Fires at biomass facilities typically start from boiler fires, spontaneous combustion of fermenting woodchip or sawdust piles, or wood dust explosions, according to the Institution of Fire Engineers.

The most recent biomass incinerator accident occured on June 2, 2013 where a wood-burning biomass incinerator caught on fire at Hexham's Egger UK Chipboard Plant in Hexham, UK.

A boiler at the Buena Vista Biomass Power Plant in Amador County, California ruptured on May 30, 2013. Two people were injured, one seriously (airlifted to Sacramento Hospital with burns and cuts) from the "catastrophic mechanical failure."

The Koda Energy combined-heat-and-power biomass facility in Shakopee, Minnesota exploded on April 25, 2013, igniting a fire in two of its fuel storage silos that burned for over a week. The 23.4 megawatt facility burns wood chips, oat hulls and other organic materials to generate electricity for Xcel Energy Inc. The cause of the fire has not been determined and it’s uncertain when the facility will start up again.

The International Biomass Conference and Expo, self-described as “the largest gathering of biomass industry professionals in North America,” held an industry tour of the Shakopee incinerator on April 8, two weeks before the fire shut it down.

A 600 megawatt coal/biomass facility in Nijmegen, Netherlands exploded on November 8, 2012 due to “steam pipe overpressure,” according to owners GDF Suez. Police told residents to stay inside as steam clouds billowed into the air and ceramic wool littered the streets.

A sawdust pile at the 30-megawatt Biomass One incinerator in White Pine, Oregon burst into flames on September 15, 2012 and again on September 18. A woodchip pile had previously caught fire at the facility on July 4, 2009, likely due to spontaneous combustion, which occurs as woody material decays and heats up.

“Fermenting wood piles…are a fire risk and there are generally huge piles of woodchips and pellets on site” at biomass facilities, said Smolker. “Most processed, dried biomass/wood particles put into storage with a moisture content of 15% or more can start to heat,” according to Mike Ewall, director of Energy Justice Network. “The surrounding drier biomass insulates the heating area, supporting a rise in its temperature up to auto-ignition and combustion with oxygen levels in the biomass/wood.”

Dong Energy’s 810 megawatt biomass power incinerator in Avedore, Denmark experienced a fire on August 12, 2012 that began in its electrical conveyor system and spread to its wood pellet silos. The cause of the fire is unknown.

Three people were injured, including one person suffering severe burns, after a May 11, 2012 wood dust explosion in a wood pellet silo at the Amager Power Station in Copenhagen, Denmark, which burns biomass and coal. The fire was traced to a cleaning method called “bang and clean” which uses small explosions of oxygen and methane to clean boilers, but was used in this case to unblock a plug of wood pellets. Fire returned to the facility again on December 19, 2012.

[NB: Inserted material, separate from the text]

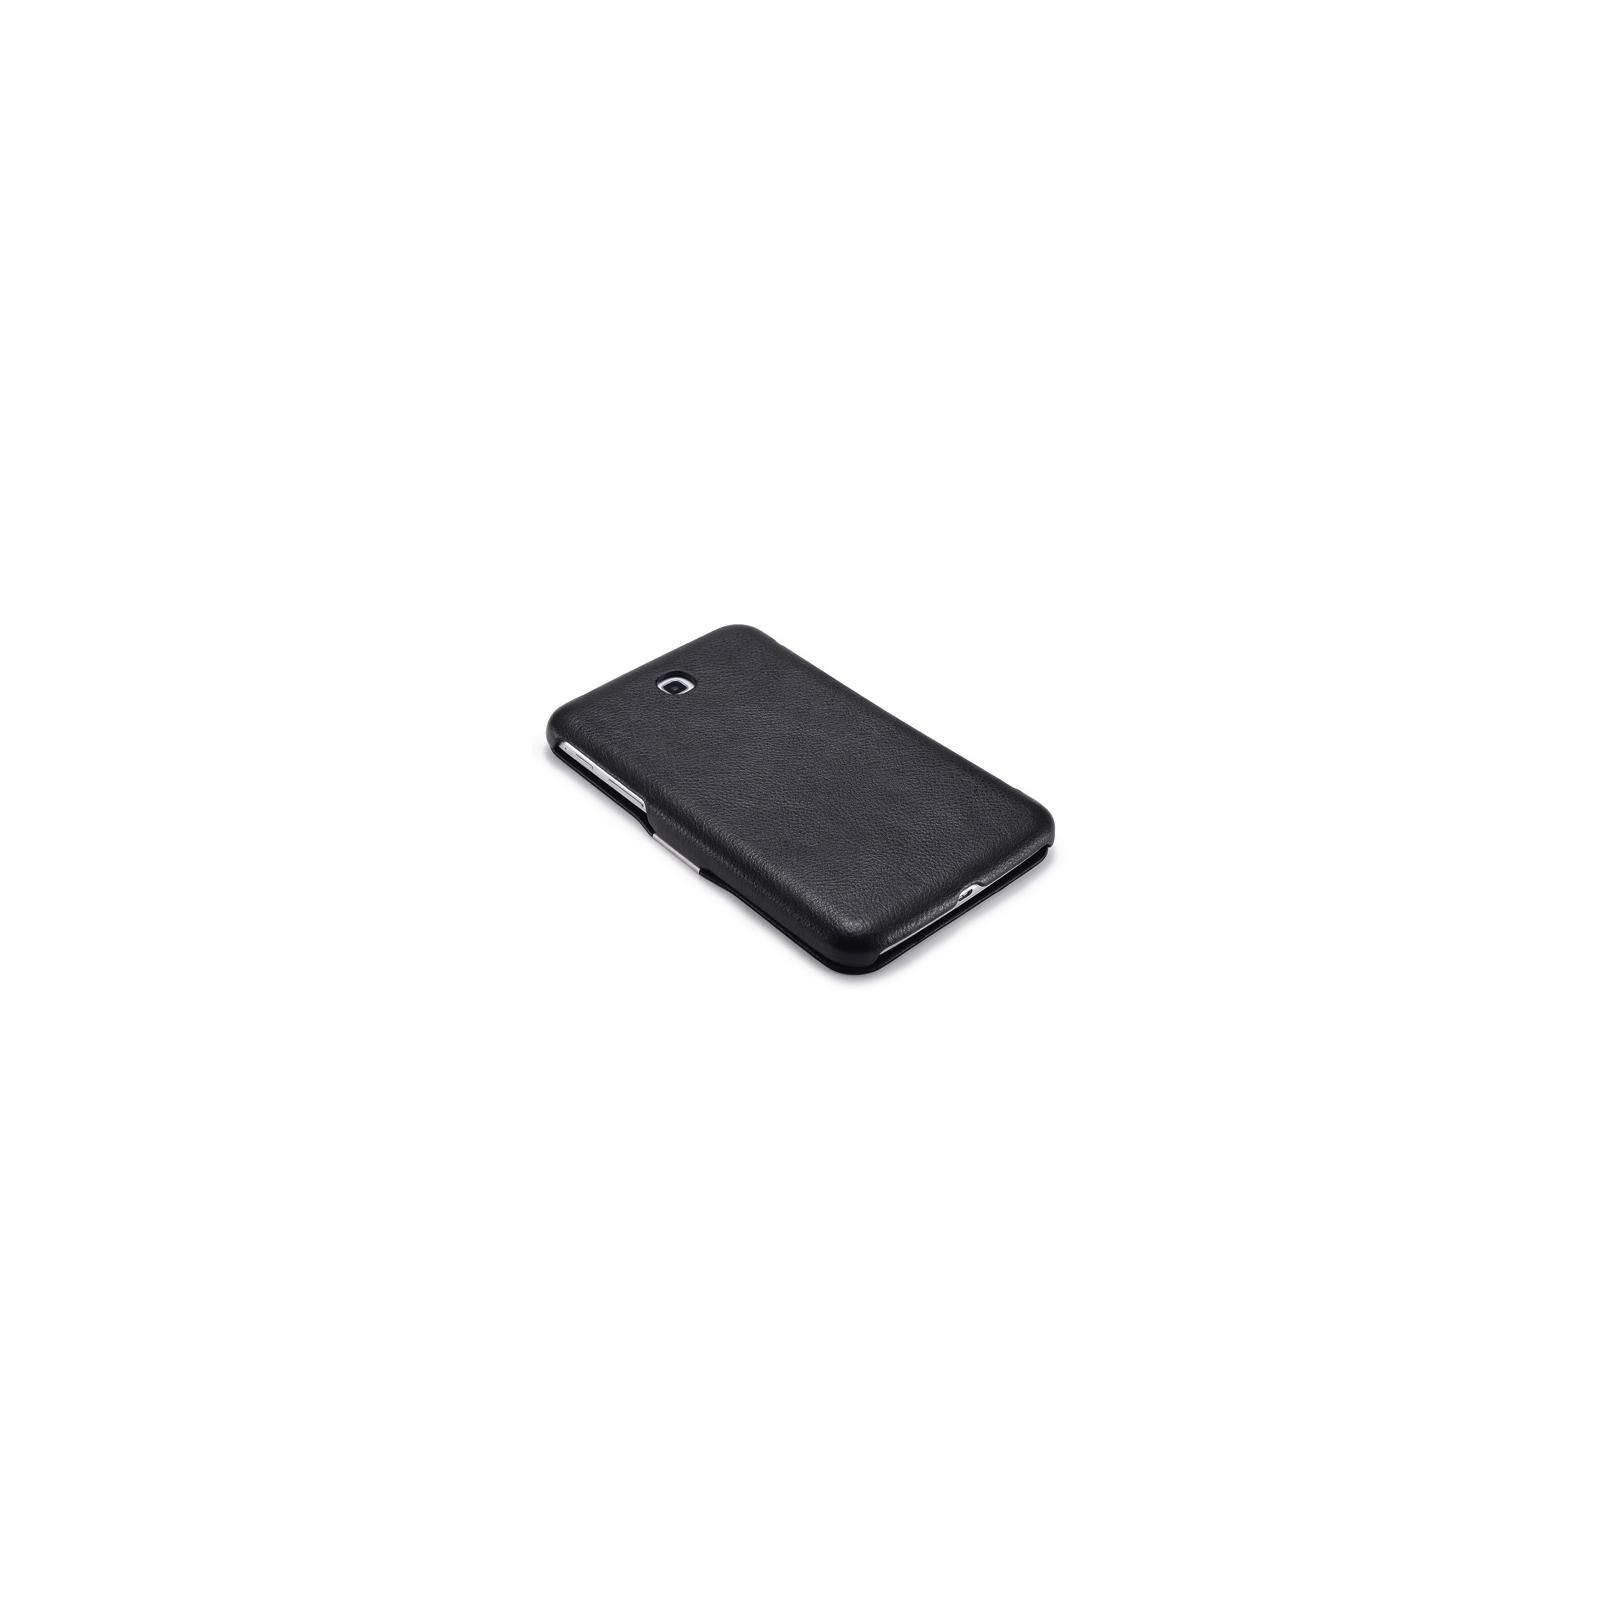 "Чехол для планшета i-Carer 7"" Samsung Galaxy Tab 3 7.0 T2100/P3200 шкіряний (RS320001 Black) изображение 4"
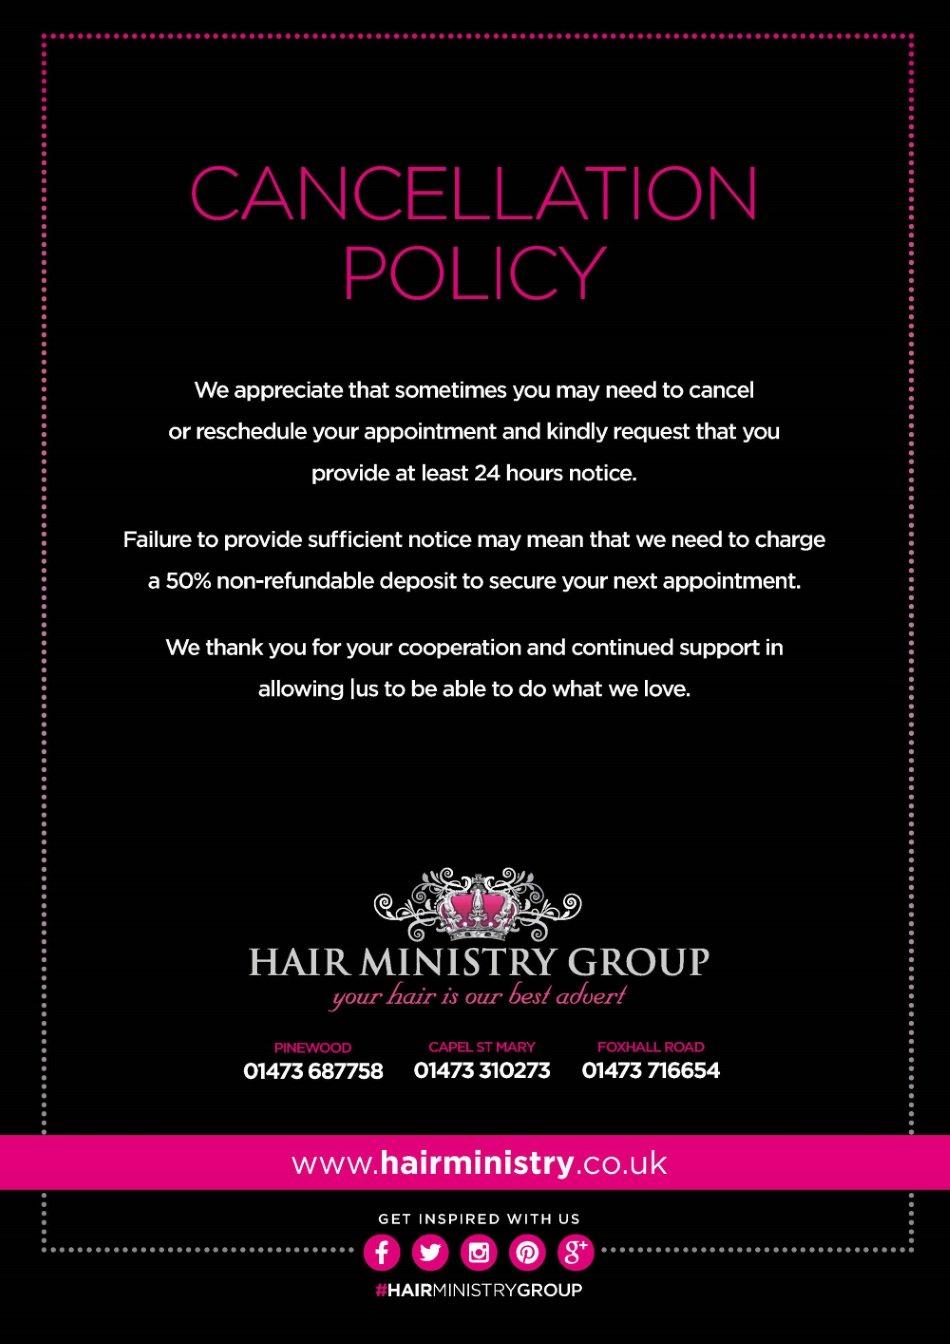 best hairdressers in Ipswich, hair salons in Ipswich, Hair Ministry Group Ipswich

Dust explosions throughout industry—not just the biomass industry—are so common, there’s an entire website devoted specifically to keeping track of them.
Image

Occupational Safety and Health Administration (OSHA) calls dust fires a “major industrial hazard.”An October 2009 OSHA report notes 280 dust fires and explosions at industrial sites—the largest percentage being wood, but also including “food products, metal products, chemicals, pharmaceuticals, rubber and plastic products, paper products, furniture, electric and sanitary services, transportation equipment, durable goods, and textile mills”—over the past 25 years, which have killed 119 people and injured 700. OSHA conducted 1,000 inspections, with 25% of inspections of wood related facilities and found 3,786 federal (74% serious) violations and 1,140 state (34% serious).

“Dust is not only a fire risk,” said Smolker, “but also it is very harmful to breathe wood dust.”

A pipe explosion blew a hole in the boiler and a six foot hole in a concrete wall at the Blue Lake Power biomass incinerator in Blue Lake, California in March 2012. The facility’s wood-loading conveyor belt caught fire the year before.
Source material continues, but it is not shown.